--- Material provided Enclosed Below ---

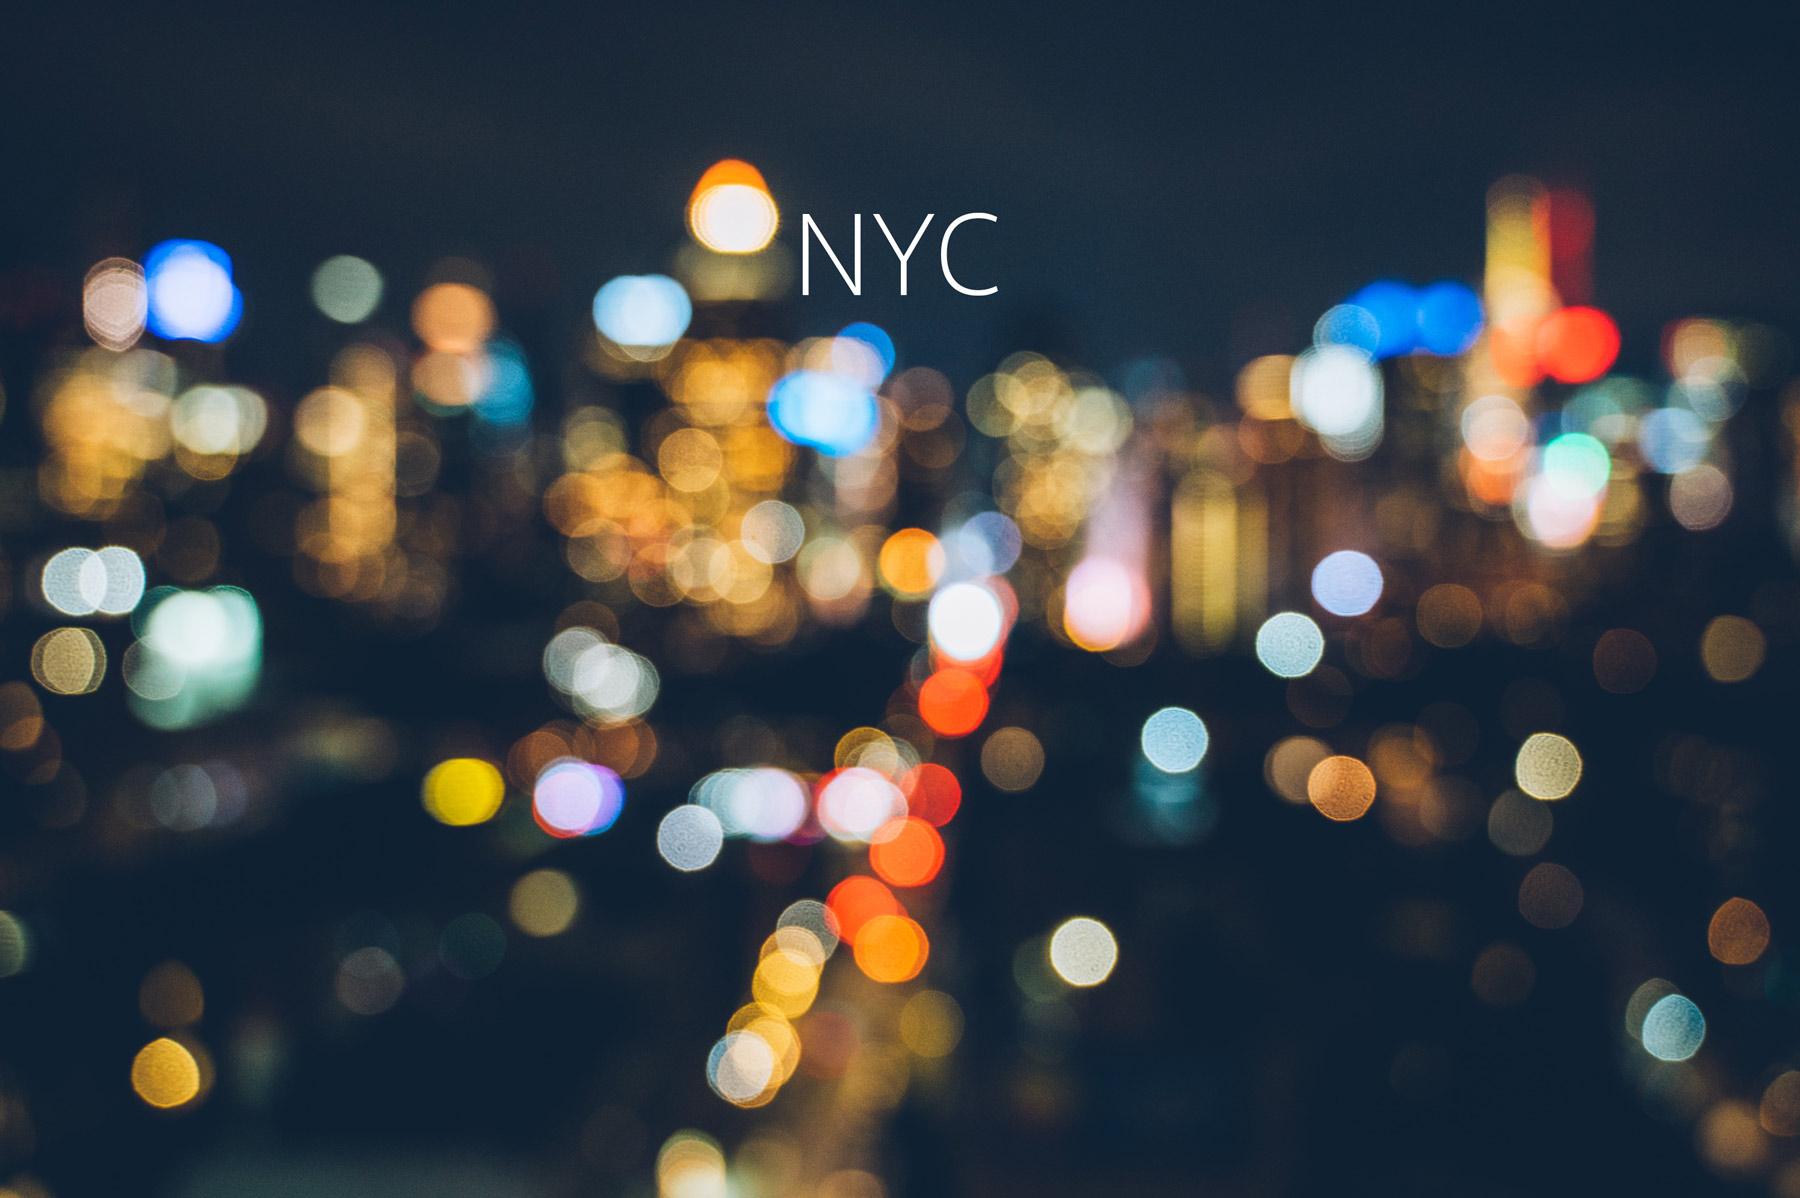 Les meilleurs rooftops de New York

--- End of Enclosed Material provided ---
--- Material provided Enclosed Below ---

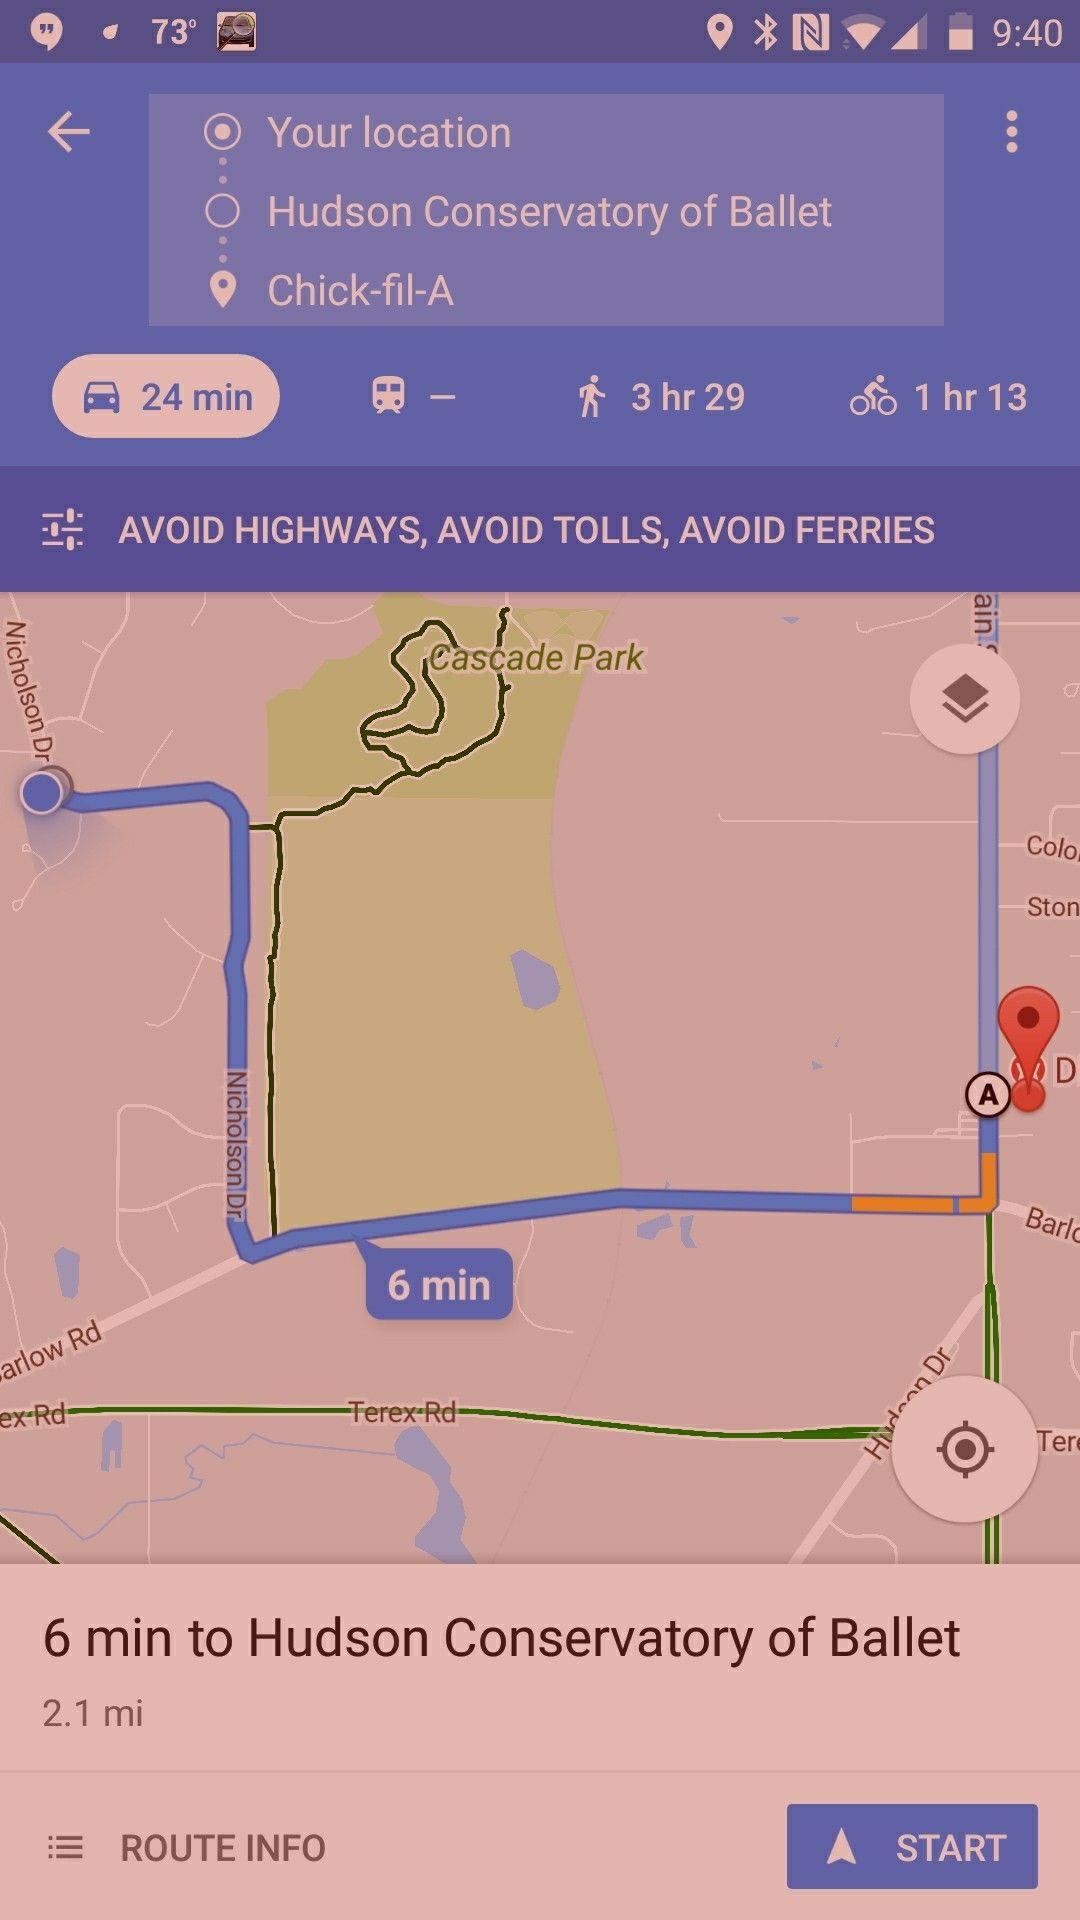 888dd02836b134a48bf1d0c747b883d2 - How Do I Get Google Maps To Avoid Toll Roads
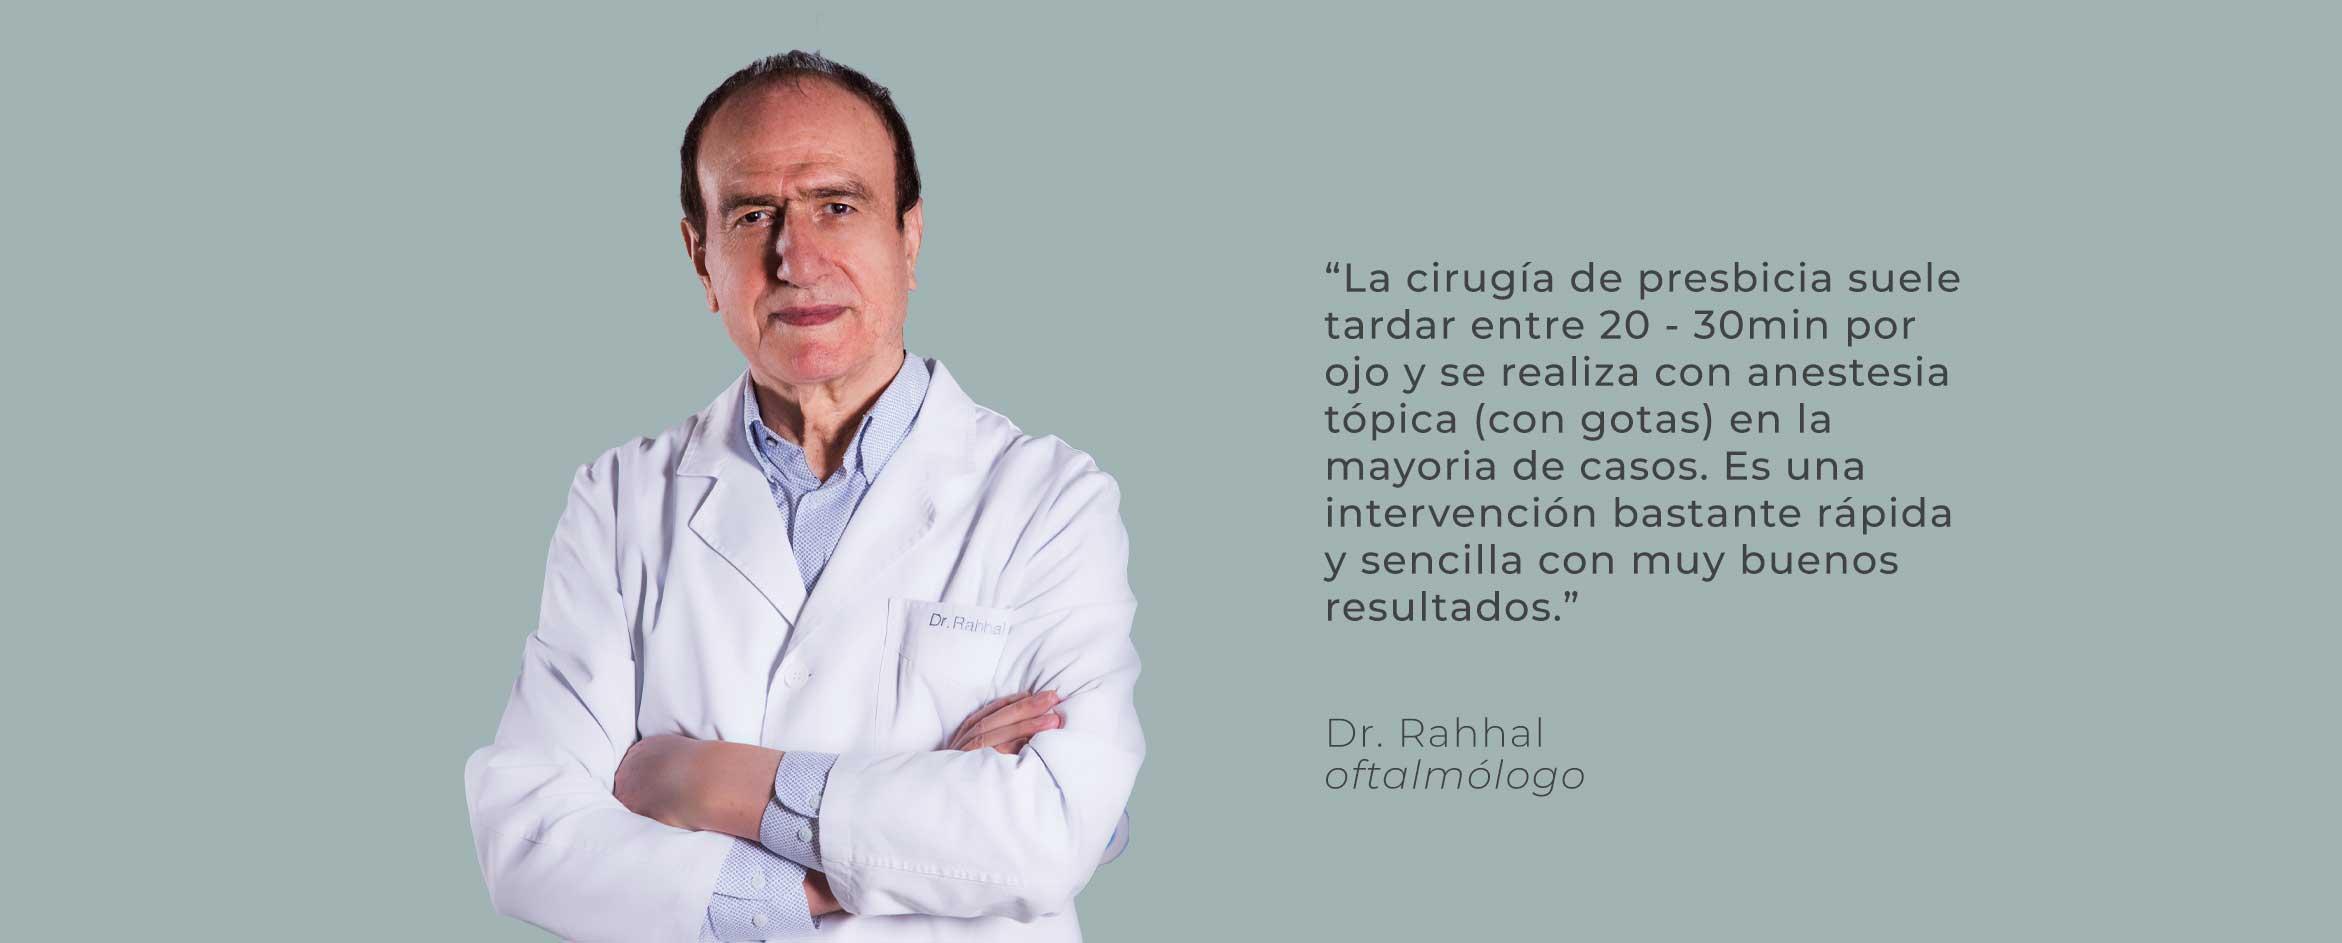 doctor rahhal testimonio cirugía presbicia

--- End of Enclosed Material provided ---
--- Material provided Enclosed Below ---

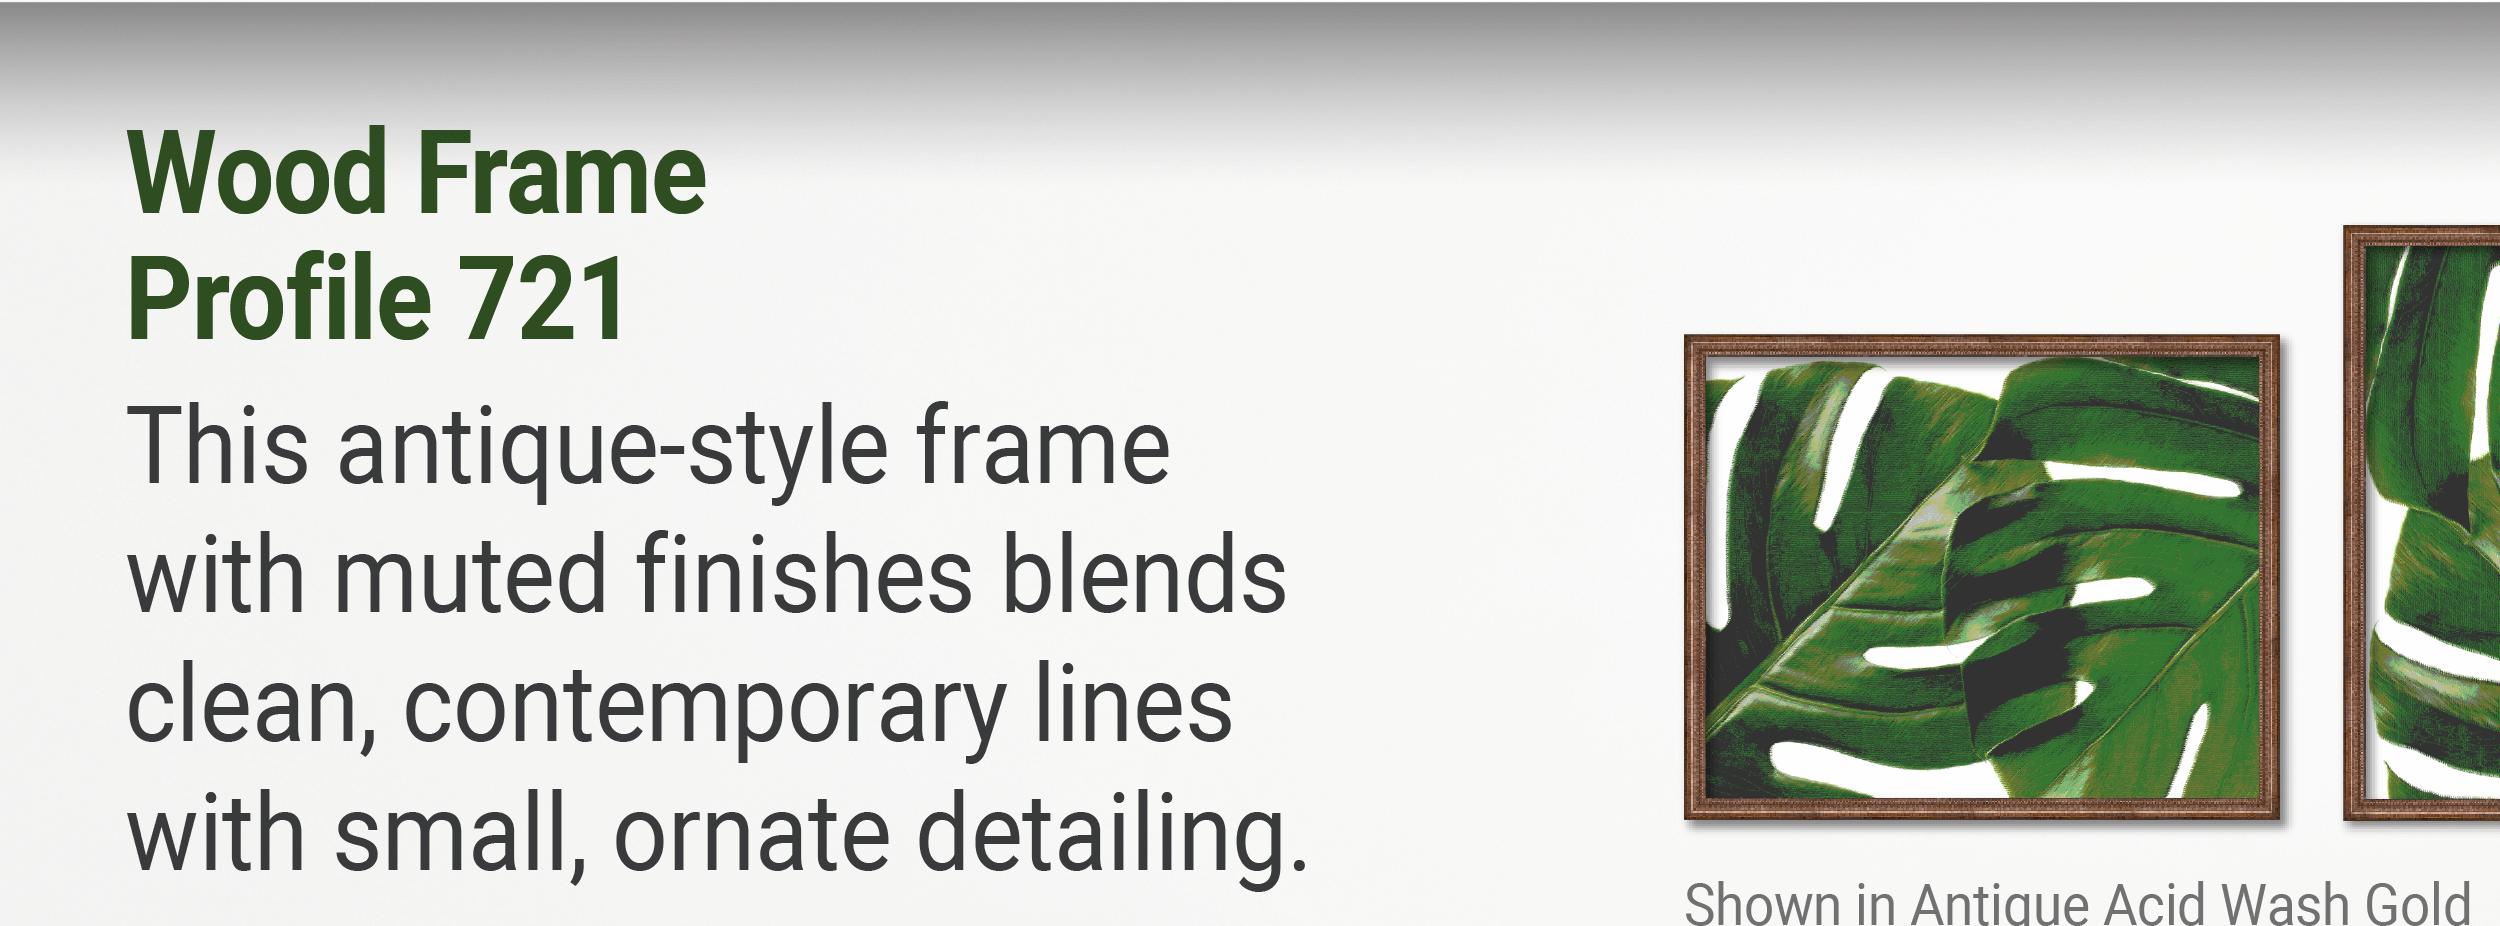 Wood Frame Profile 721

--- End of Enclosed Material provided ---

■ Activity: The lines above from the line with "888dd02836b134a48bf1d0c747b883d2 - How" through the line with "doctor rahhal testimonio cirugía presbicia" are to be given again word for word, with no pictures among them.

■ Answer to this task:
 888dd02836b134a48bf1d0c747b883d2 - How Do I Get Google Maps To Avoid Toll Roads
 doctor rahhal testimonio cirugía presbicia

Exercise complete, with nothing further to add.